Test out the API:
curl https://language-identifier-app.herokuapp.com/identify -d "data=Le commerce n'est pas un monstre et la publicité" -X GET
See the website for a tutorial.
This repo is an example of how to build a machine learning application from scratch! This is a simple web application that uses the Naive Bayes algorithm to classify a string of text as belonging to one of several languages.
This application has a front-end built in Flask, a model server created with flask_restful, and a database in SQLite. Data is downloaded from Wikipedia.
Install dependencies with conda:
conda create --name language_classifier python=3.8
conda activate language_classifier
pip install -r requirements.txt
Run the web application:
export FLASK_APP=app.py
flask run
Or:
python app.py
View the application:
http://127.0.0.1:5000
Run the model API:
python api.py
Test out the API:
curl http://127.0.0.1:5001//identify -d "data=Le commerce n'est pas un monstre et la publicité" -X GET
Download some data from Wikipedia:
cd scraper && python get_data.py
Generate a SQLite database:
create_database.py
Explore the data:
$ sqlite3 language_data.db
> SELECT language, title FROM wiki_data LIMIT 25;
Make and test model (run all cells in this notebook):
cd ../modeling
jupyter lab create_model.ipynb
Deploy the model by editing the following lines in classify_language.py
:
MODEL_NAME = "NB_classif"
MODEL_VERSION = "1"
You should deploy the web application app.py
to Heroku or something. Then you should deploy api.py
to GCP or AWS. You'll need to fiddle with the requirements for each of these apps as well as the DNS so the servers can talk to each other.

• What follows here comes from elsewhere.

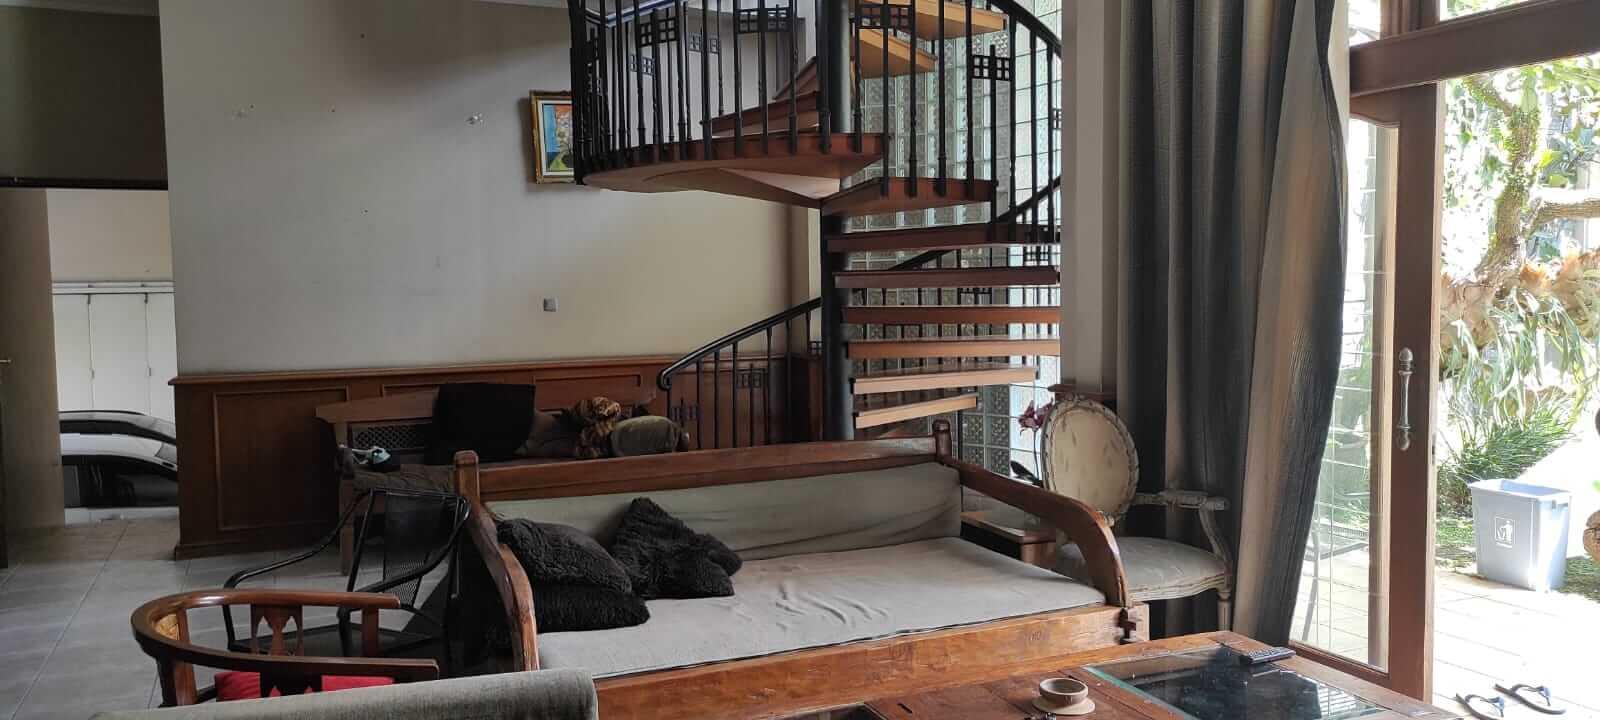 ruang tengah villa andaru gerlong bandung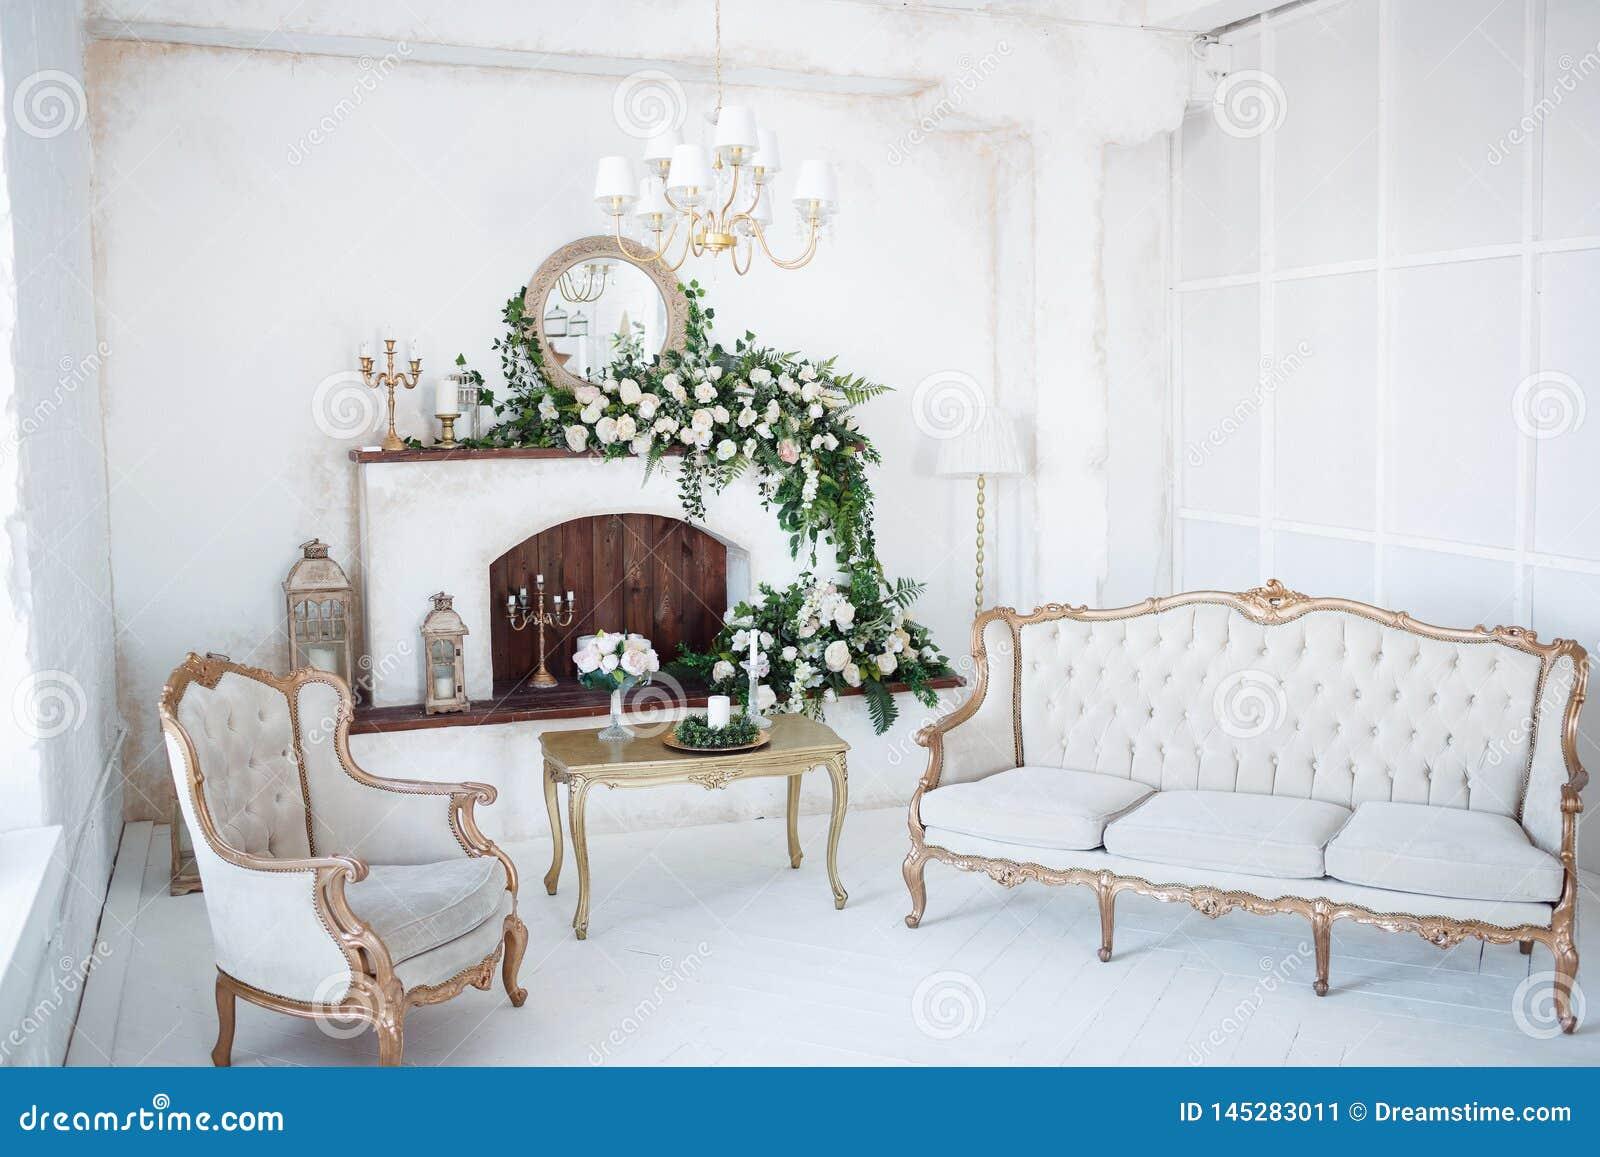 Sitio blanco con la chimenea y muebles tallados

- This application was designed with teaching in mind, so there are some simplifications.
- This application has three distinct severs: a web app, a model API, and a SQL database. When run locally, these distinctions don't matter, but when you deploy an app like this, these pieces will all be distinct servers.
- All the dependencies here are global - if this was deployed, not all dependencies would need to be shared between servers.